I’m not sure what Mr. Roski has promised the sons and daughters of Industry (for more about this interesting enclave southeast of downtown Los Angeles incorporated in 1957, read Victor Valle’s recent hard-hitting book, City of Industry: Genealogies of Power in Southern California) in terms of what he projects the stadium would generate insofar as taxes and local revenues are concerned.

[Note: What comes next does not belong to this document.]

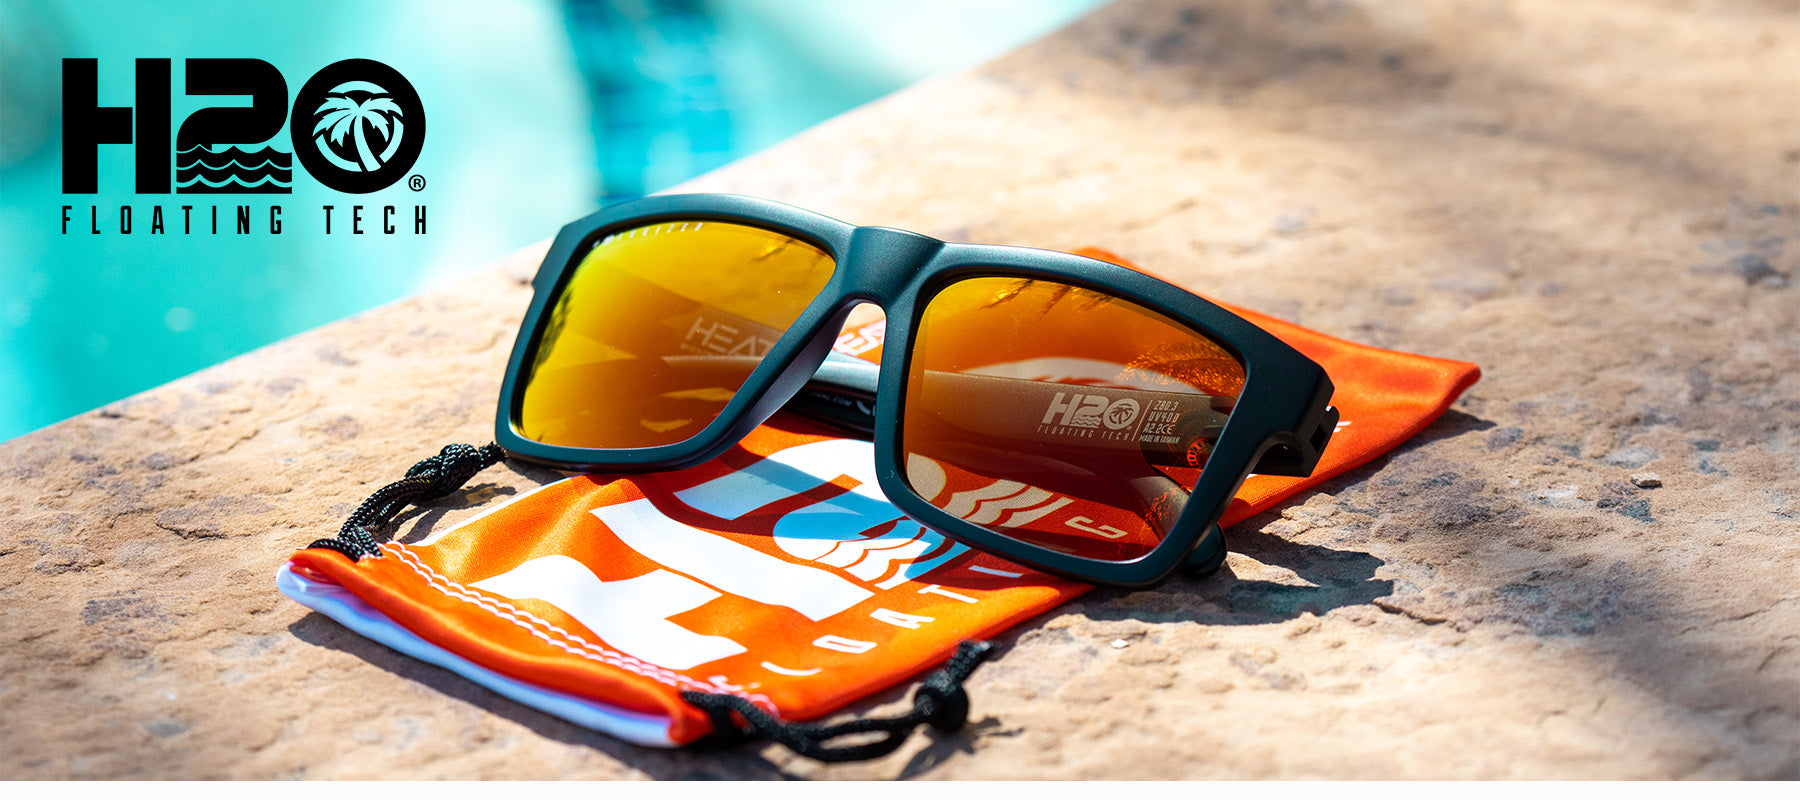 Heat Wave Visual Australia Lazer Face. Shop Online Free Same Day Shipping Australia Wide. Afterpay it. AS/NZS1337.1 Safety Glasses. H20 Floating Sunglasses. Shop Polarized Sunglasses. Heat Wave Glasses

For as detailed in books like Field of Schemes by Neil deMause and Joanna Cagan and Public Dollars, Private Stadiums by Kevin J. Delaney and Rick Eckstein, pro sports stadiums don’t exactly return what municipalities put into them in economic terms.  Certainly there’s some local employment in the concession and parking booths of the stadium, and there can be spill over to local restaurants and bars in an area, but it’s the players and owners getting the beaucoup bucks off the gate and swag like T-shirts and caps.

roski stadium

Intellectually I know this and I’m down with poor and working class people not getting the short end as invariably happens when these grandiose plans for stadium complexes get hatched.  But there is an allure this sport continues to hold over me after all these decades down the line and playing football on a minor scale in high school.  Is football and by extension all organized sports the opiate of the masses?  A way to divert us from our real issues while we pay good money to fat cats who pay large men to collide with each other or sinewy women to hit tennis balls back and forth across a net.

But isn’t it also the case that sports figures like Muhammad Ali, Billie Jean King, Serena Williams and even the now maligned, but in the redemption trail Tiger Woods have, if only through their prowess let alone those who’ve dared to speak out, been role models for minority youth – particularly Williams and Woods who have dominated in sports traditionally though to be the province of whites?   At its core, stripped of the hype and glitter, sport can teach us something about camaraderie, discipline and provide self-esteem.

Or maybe Zelmont Raines, the main character in my noir novel The Jook, about a self-centered pro football player back in L.A. for one last shot at the marquee summed it up best:

I was eleven and played Pop Warner just for the love of the game.  Before the scouts, the slaps on the back, the classes you were allowed to skate through, the coach in high school making his dreams yours, the alumni big wheels, the agents, the hangers-on.  This was what the sport was all about, you and the ball and the goal line.